Questions fréquentes

Qu'est-ce qu'un droit de réponse ?
Seule une personne nommée ou désignée dans un service de communication au public en ligne dispose d'un droit de réponse. L'allégation d'une association représentant des fidèles d'un culte ne suffit pas à considérer qu'elle est implicitement visée lorsqu'un fidèle est mis en cause.
Comment une association peut-elle demander un droit de réponse ?
Seule une personne nommée ou désignée dans un service de communication au public en ligne dispose d'un droit de réponse. L'allégation d'une association représentant des fidèles d'un culte ne suffit pas à considérer qu'elle est implicitement visée lorsqu'un fidèle est mis en cause.

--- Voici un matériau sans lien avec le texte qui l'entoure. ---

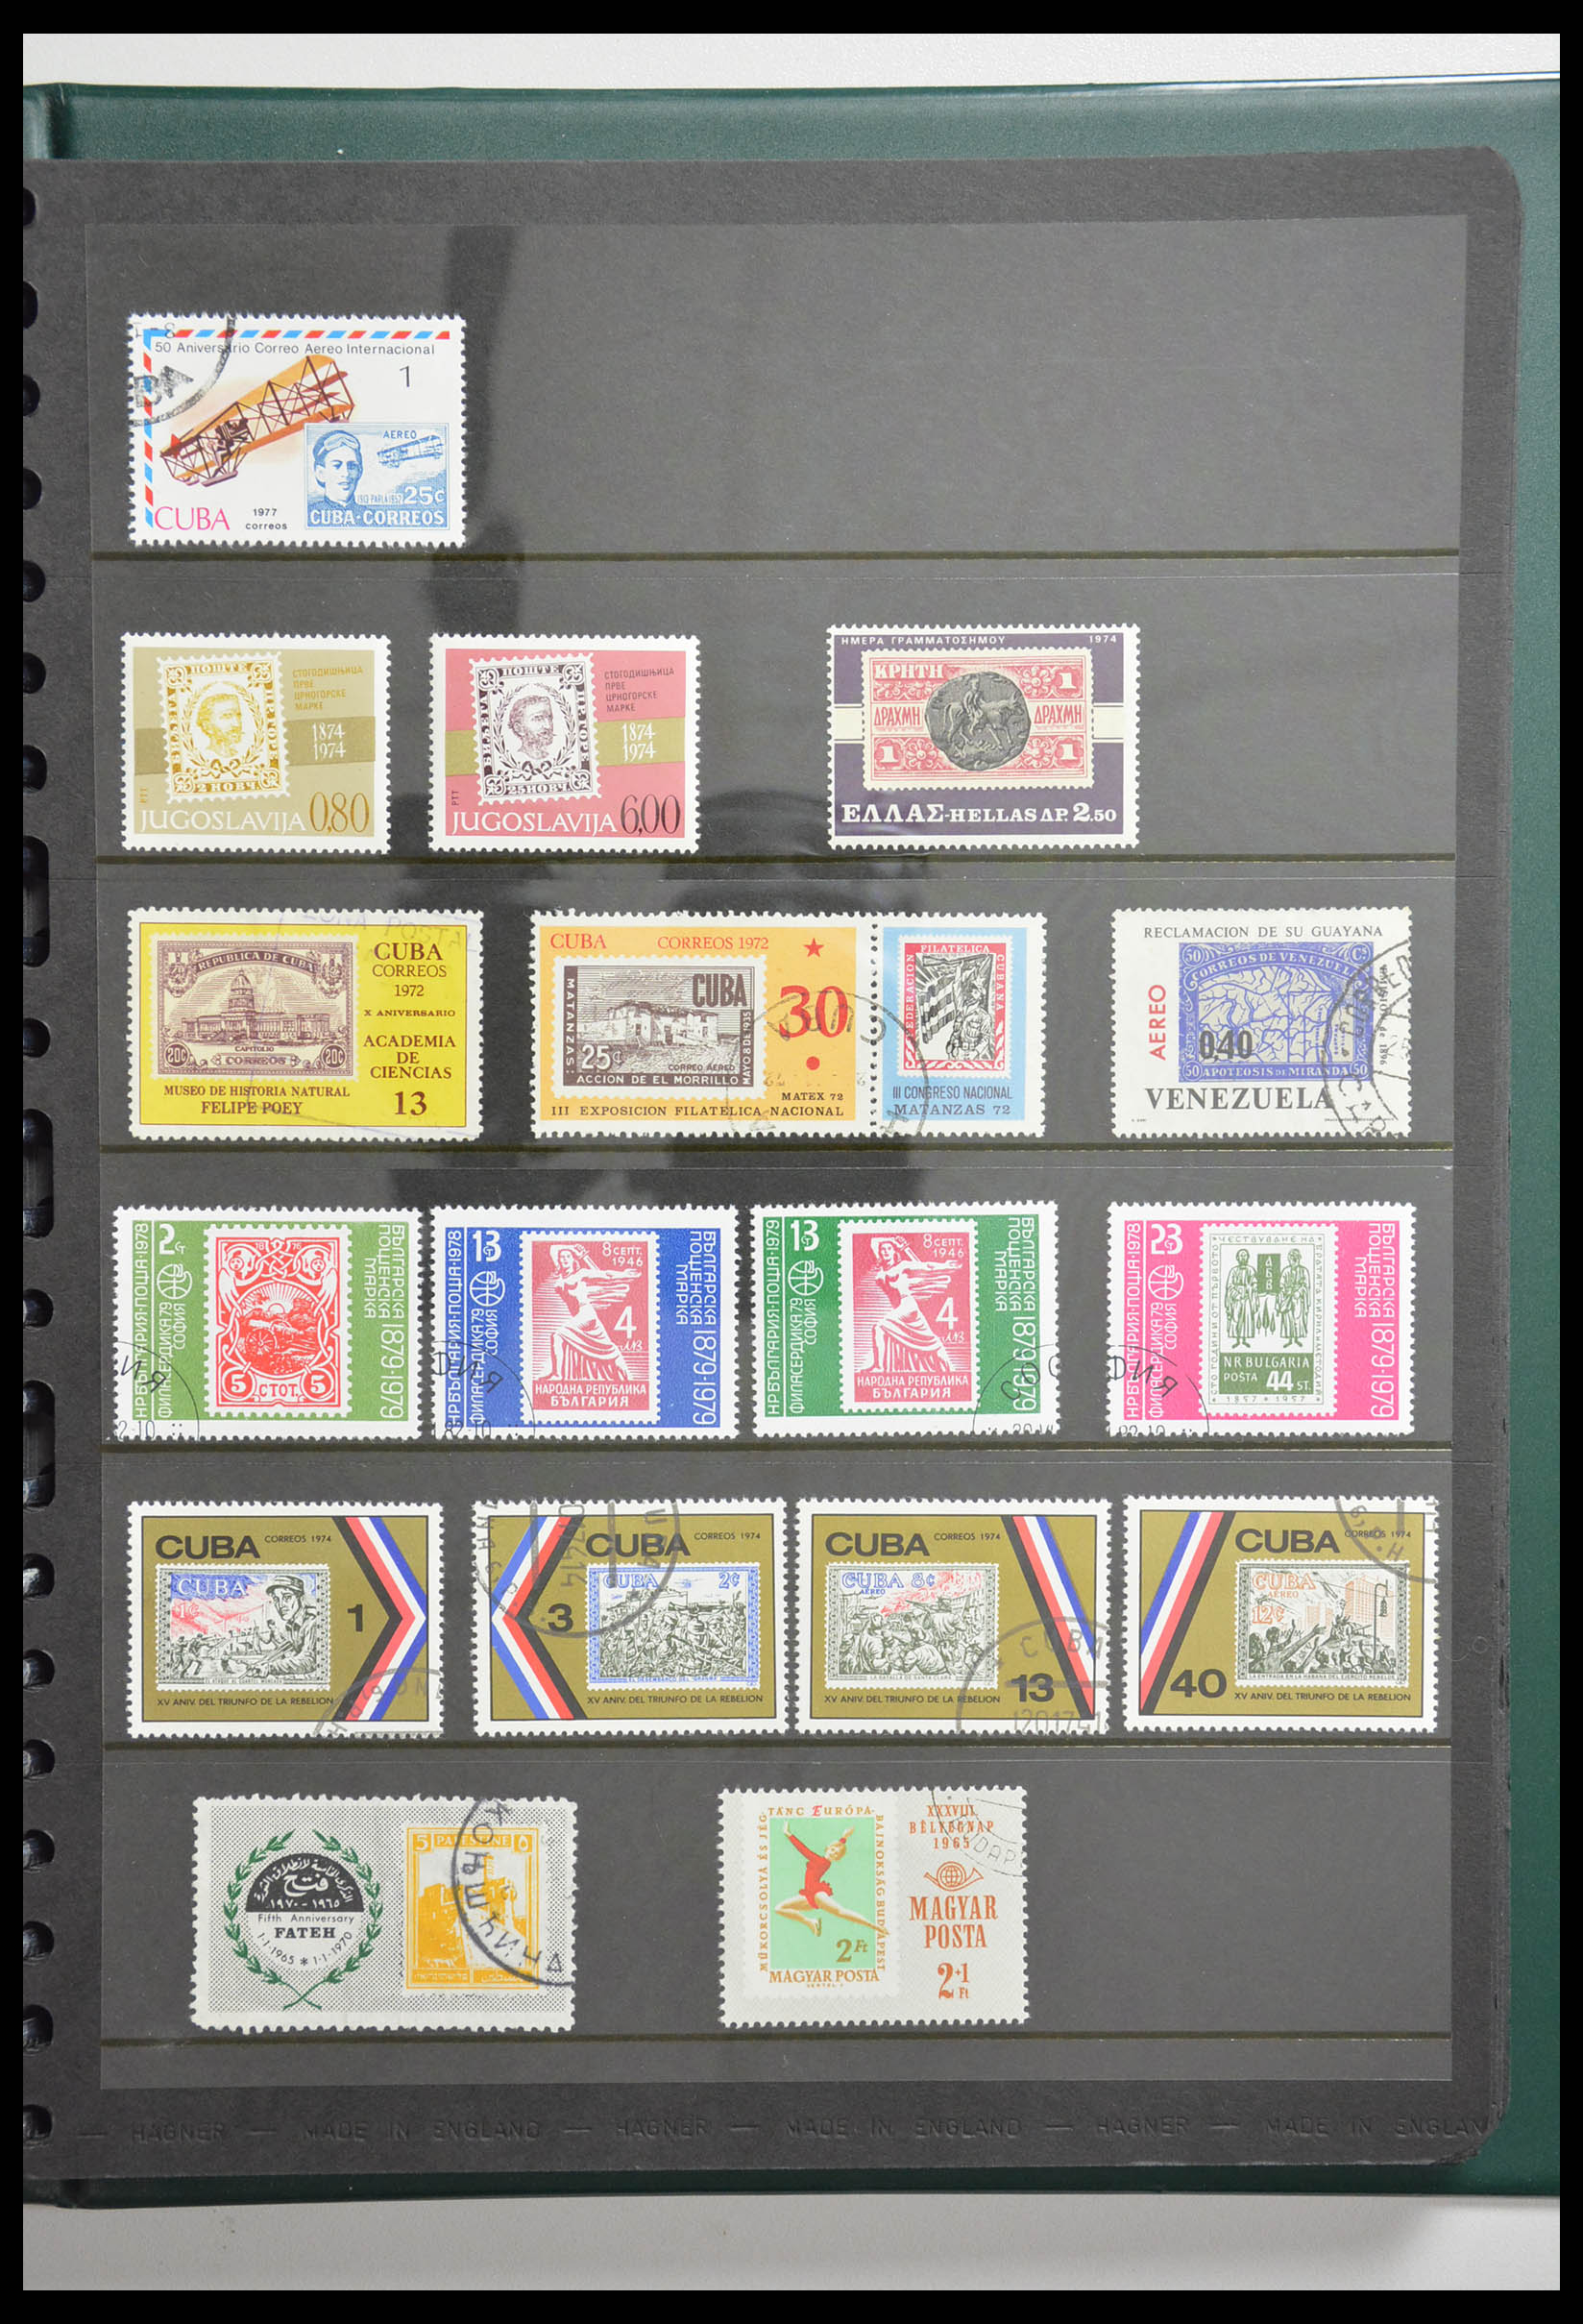 28337 019 - 28337 Postzegel op postzegel 1840-2001.

Quels sont les droits d'une association face à un article la mentionnant ?
Seule une personne nommée ou désignée dans un service de communication au public en ligne dispose d'un droit de réponse. L'allégation d'une association représentant des fidèles d'un culte ne suffit pas à considérer qu'elle est implicitement visée lorsqu'un fidèle est mis en cause.
Que faire si mon droit de réponse est refusé ?
Seule une personne nommée ou désignée dans un service de communication au public en ligne dispose d'un droit de réponse. L'allégation d'une association représentant des fidèles d'un culte ne suffit pas à considérer qu'elle est implicitement visée lorsqu'un fidèle est mis en cause.
Quels recours existent en cas de rejet d'un droit de réponse ?
Seule une personne nommée ou désignée dans un service de communication au public en ligne dispose d'un droit de réponse. L'allégation d'une association représentant des fidèles d'un culte ne suffit pas à considérer qu'elle est implicitement visée lorsqu'un fidèle est mis en cause.
Est-ce que toutes les personnes peuvent exercer un droit de réponse ?
Seule une personne nommée ou désignée dans un service de communication au public en ligne dispose d'un droit de réponse. L'allégation d'une association représentant des fidèles d'un culte ne suffit pas à considérer qu'elle est implicitement visée lorsqu'un fidèle est mis en cause.